The reclassification also resulted in plaintiff's loss of priority to the detriment of his employment opportunities. The Act does not explicitly create an equal right to priority and such right, by its very nature, cannot be inferred. The creation and operation of priority rights are within the expertise of labor organizations. Here, the loss of priority was because of a reasonable regulation which was fairly enforced. The union action did not deprive plaintiff of any right guaranteed by the Act.
Loss of priority also meant that plaintiff was no longer entitled to membership and voting rights in his local chapel. The chapel is a subdivision of the Local Union and is found in each business which has a contract with the Local. Section 402(i) defines a labor organization as one "which exists for the purpose, in whole or in part, of dealing with employers concerning grievances, labor disputes, wages, rates of pay, hours, or other terms or conditions of employment, * * *." These functions are performed by the Local, not by the chapels. They appear to exist mainly to collect dues and keep earning records, for the benefit of the Local. In our opinion, a chapel is not a labor organization within the meaning of the Act and the deprivation of rights which pertain thereto does not violate the Act.
Section 411(a) (3) provides that dues shall not be increased and assessments shall not be levied except by vote of the members. Plaintiff says that the assessments against him as a not-at-the-trade member violate that section. The constitution of the International provides that those classified as working at the trade shall pay 2½% of their total earnings as contributions to the old age and mortuary funds. Members not working at the trade are assessed 2½% of the maximum wage scales for those funds.

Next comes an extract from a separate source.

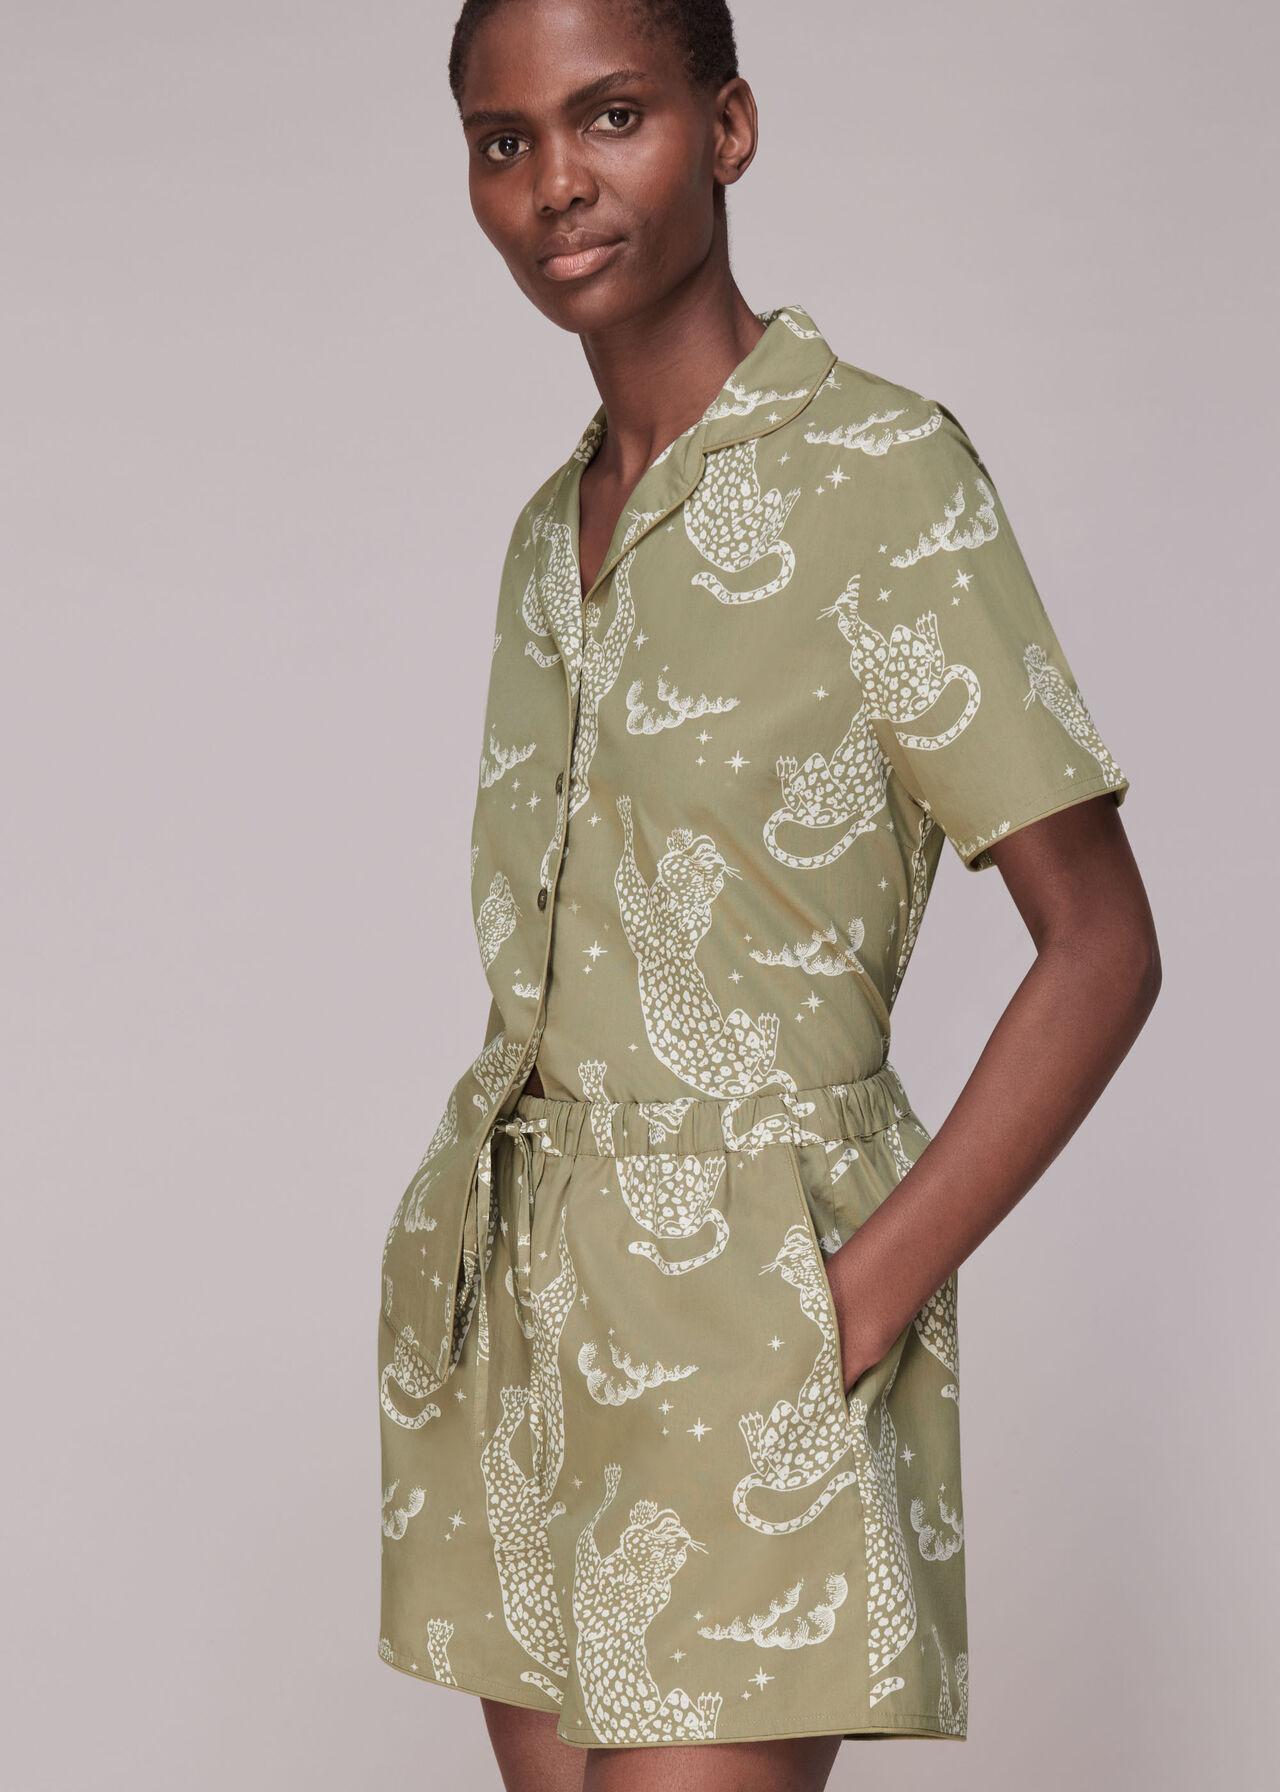 Starred Leopard Pyjamas
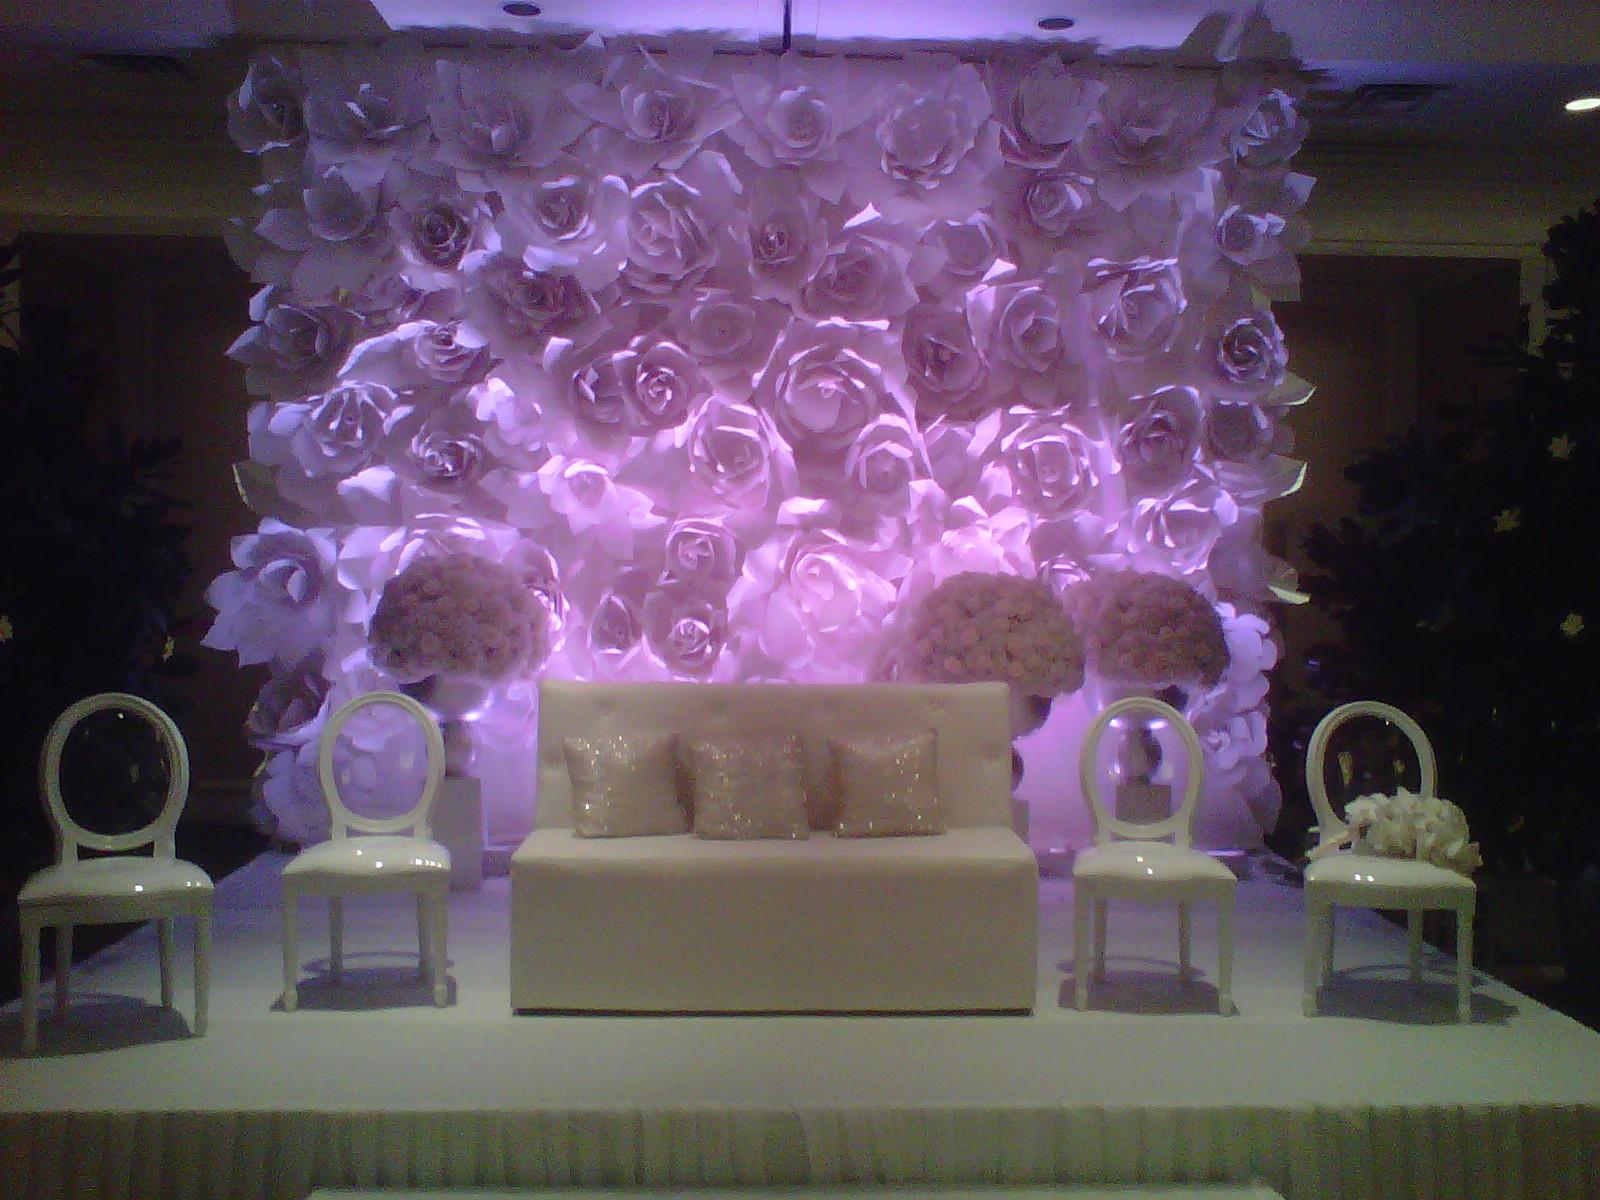 http://2.bp.blogspot.com/-I7rMWyihdEA/UIap6VgzOII/AAAAAAAAApY/xpQc4Wm1f-Y/s1600/chanel-wedding-paper-flower-stjudescreations1.jpg

In 1945 the Executive Council, which has authority to "interpret and construe" the laws of the International, ruled that those not at the trade had to pay both on their earnings and on the maximum wage scale.
Plaintiff urges that the ruling of the Executive Council was an amendment of the union constitution rather than an interpretation. We are not concerned with whether the Executive Council exceeded its authority but only with whether the ruling violates the Act. See Gurton v. Arons, 2 Cir., 339 F.2d 371, 374. We agree with the trial court that the requirements of § 411(a) (3) are applicable only to dues increases and assesments made after the effective date of the Act, September 14, 1959. Plaintiff complains about rates of assessment which have been effective since 1945. The fact that his individual rates have been increased since 1959 is immaterial. Section 411(a) (3) does not apply to individual increases resulting from a change in classification. The argument that a member may not be treated for the purposes of the assessments as both at trade and not at trade is unpersuasive. Nothing in the Act forbids such union action.
The claim that plaintiff was denied rights to freedom of speech and assembly secured by § 411(a) (2) is not sustained by the record. A union official testified that plaintiff participated in chapel meetings and expressed his point of view. We find no evidence to the contrary.